Jüngste Kommentare des russischen Staatspräsidenten Wladimir Putin weisen darauf hin, dass auch die Staatsführung des Moskauer Kremls bald politischen Druck ausüben könnte, um die eigene Zentralbank zu Zinssenkungen zu bewegen. Laut Putin steht Russland in den nächsten Jahren ein Umbau seines Wirtschaftsmodells bevor. Sein Land müsse sich endlich von einem reinen Rohstofflieferanten hin zu einem Magneten für Auslandsinvestitionen entwickeln, wovon Putin sich eine Ankurbelung des heimischen Konsums verspricht.

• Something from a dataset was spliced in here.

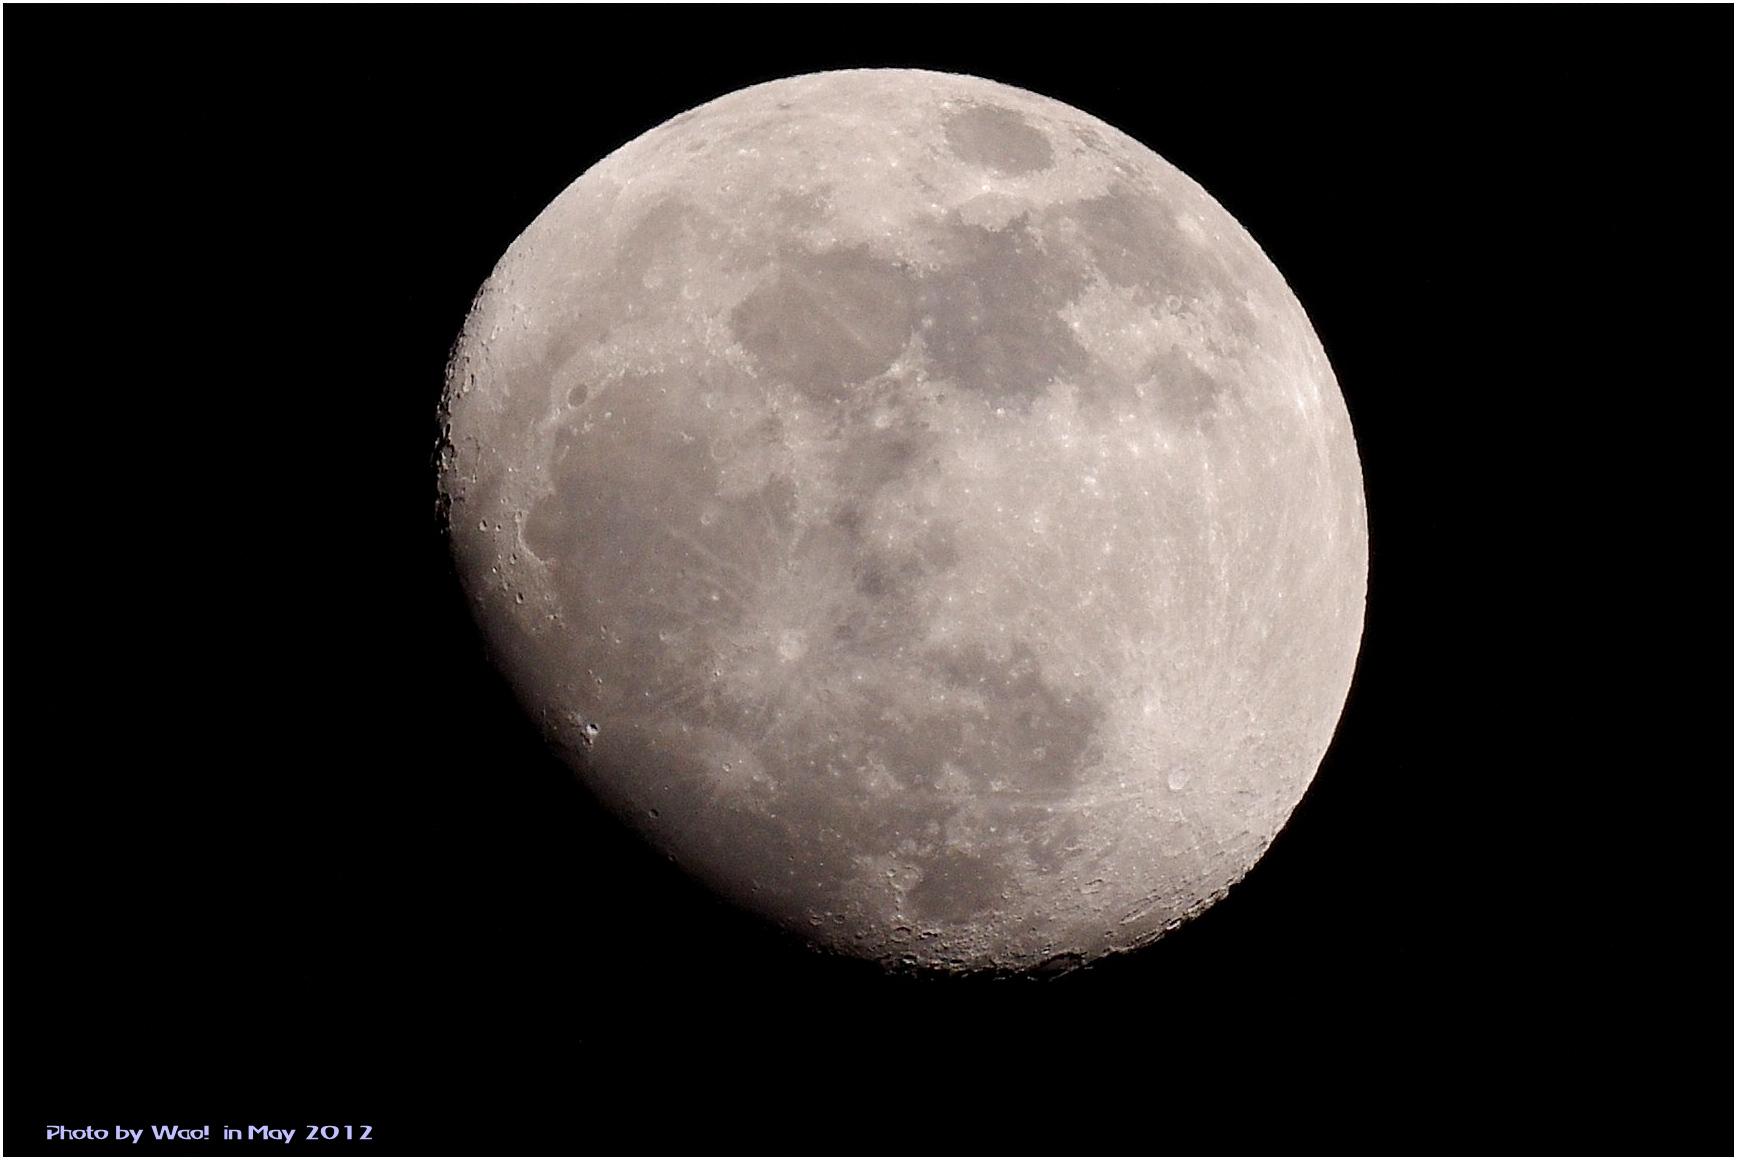 月夜の月_c0198669_16221651.jpg

Russlands Wirtschaft benötige keine auf Spekulationsgeschäften basierenden Kapitalzuflüsse, sondern weitaus mehr Direktinvestitionen.

Ähnliche Pläne verfolgt man auch in China, wo die kommunistische Staatsführung seit Ausbruch der Finanzkrise im Jahr 2008 darum bemüht ist, ihre zu exportlastige Wirtschaft zugunsten eines Marktes umzubauen, die sich durch einen stetig wachsenden Konsum der heimischen Verbraucher auszeichnet. Bislang sind diese Pläne trotz einer rasant wachsenden Mittelschicht eher dürftig ausgefallen. In Japan hat die neue Regierung von Premierminister Shinzo Abe den globalen Währungskrieg befeuert, indem sich die Politik in die Aufgaben der Bank of Japan aktiv einmischt.

Der japanische Yen ist stark überverkauft, doch eine Countertrend-Rally will einfach nicht einsetzen. Japans Währung befindet sich in der 13. aufeinanderfolgenden Woche der Kursverluste / Chart: stockcharts.com

Neuerdings gibt die Politik der japanischen Zentralbank die Leitlinien für ihre Währungs- und Zinspolitik vor, was sich in einem massiven Rutsch der Landeswährung Yen widerspiegelt. Beobachter halten die Unabhängigkeit der japanischen Zentralbank seit Abes Amtsantritt für akut gefährdet. In Russland scheint sich nun auch Wladimir Putin zunehmend Gedanken darüber zu machen, wie die Wirtschaft seines Landes anzukurbeln ist. Im Gesamtjahr 2012 wuchs Russlands Ökonomie laut ersten Schätzungen des Wirtschaftsministeriums nur noch um 3,5% gegenüber dem Vorjahr. Erwartet wurde hingegen ein Wachstum von 5%.

Mit Ausnahme der herben Kontraktion in 2008/2009 entspricht dies dem schwächsten Ergebnis seit Putins erstem Amtsantritt im Jahr 1999. Putin wies vor Kurzem darauf hin, dass die Zentralbank einen Teil der Verantwortung an dieser Entwicklung zu tragen habe. Im September letzten Jahres hob die Bank of Russia ihren Leitzins überraschend auf 8,25% an – laut Regierung ein Fehler, da sich die Kreditvergabe unter den heimischen Banken zusehends reduziere. Dadurch sei wiederum das ökonomische Wachstum des Landes gefährdet.

 An den Finanzmärkten übersetzte sich die öffentliche Kritik Putins an der Zentralbank in stark zunehmende Erwartungshaltungen an eine baldige Senkung der Leitzinsen. Schon im Laufe dieses Jahres wird nun mancherorts mit einer Reduzierung um bis zu 75 Basispunkte (0,75%) gerechnet, wodurch der Zinswettlauf in den Schwellenländern weiter angefacht werden könnte. Momentan fallen die Forderungen Putins unter den Vertretern von Russlands Zentralbank nicht auf fruchtbaren Boden.

Ähnlich wie anfangs im nach und nach eskalierenden Streit zwischen Japans Regierung und der Bank of Japan weisen Russlands Zentralbankvertreter die Forderungen Putins weit von sich. Die Zinsen wolle man erst senken, wenn es Hinweise auf eine nachhaltige Abschwächung der Inflation im Land gäbe. Dazu müsse sich die Regierung jedoch auch an ihre selbst auferlegten Budgetrichtlinien halten. Diese Aussagen dürften durch „König Wladimir“ sicherlich nicht kampflos hingenommen werden. Vielmehr wird mancherorts damit gerechnet, dass auch die russische Regierung die Zentralbank zur Durchsetzung ihrer Ziele schon in naher Zukunft stärker an die Kette legen könnte. Andererseits läuft die Amtszeit von Zentralbankgouverneur Ignatyev Mitte dieses Jahres aus. Putin könnte somit einen Nachfolger inthronisieren, der mit seinen Forderungen zu einer lockeren Geldpolitik besser übereinstimmt. Der Abwertungswettlauf an den Devisenmärkten könnte dadurch neue Nahrung erhalten.